Entries shown:
%%

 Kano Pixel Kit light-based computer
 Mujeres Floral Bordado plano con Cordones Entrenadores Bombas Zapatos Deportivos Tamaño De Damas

%%
%%

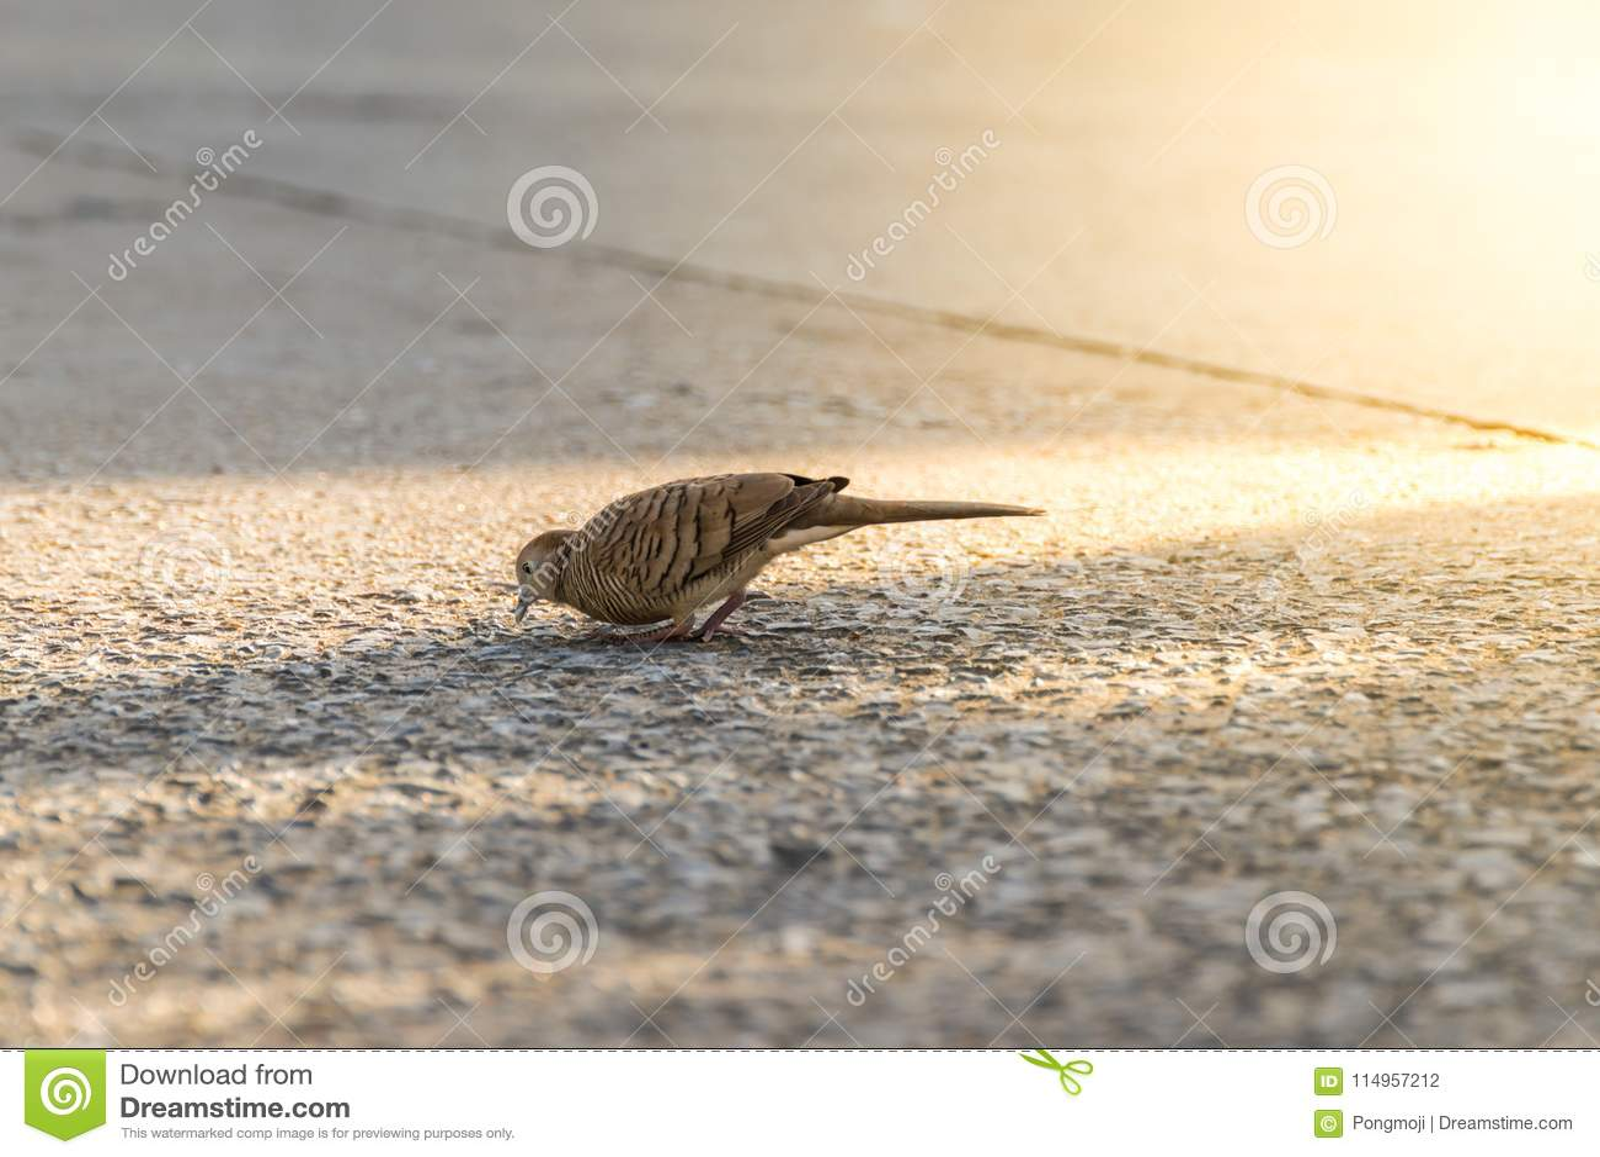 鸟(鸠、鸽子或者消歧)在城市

%%

Work task:
Using the entries above, give back exactly the line containing "Kano Pixel Kit light-based computer", the line containing "Mujeres Floral Bordado", and every line between them, and nothing else.

Answer to the problem:
 Kano Pixel Kit light-based computer
 Mujeres Floral Bordado plano con Cordones Entrenadores Bombas Zapatos Deportivos Tamaño De Damas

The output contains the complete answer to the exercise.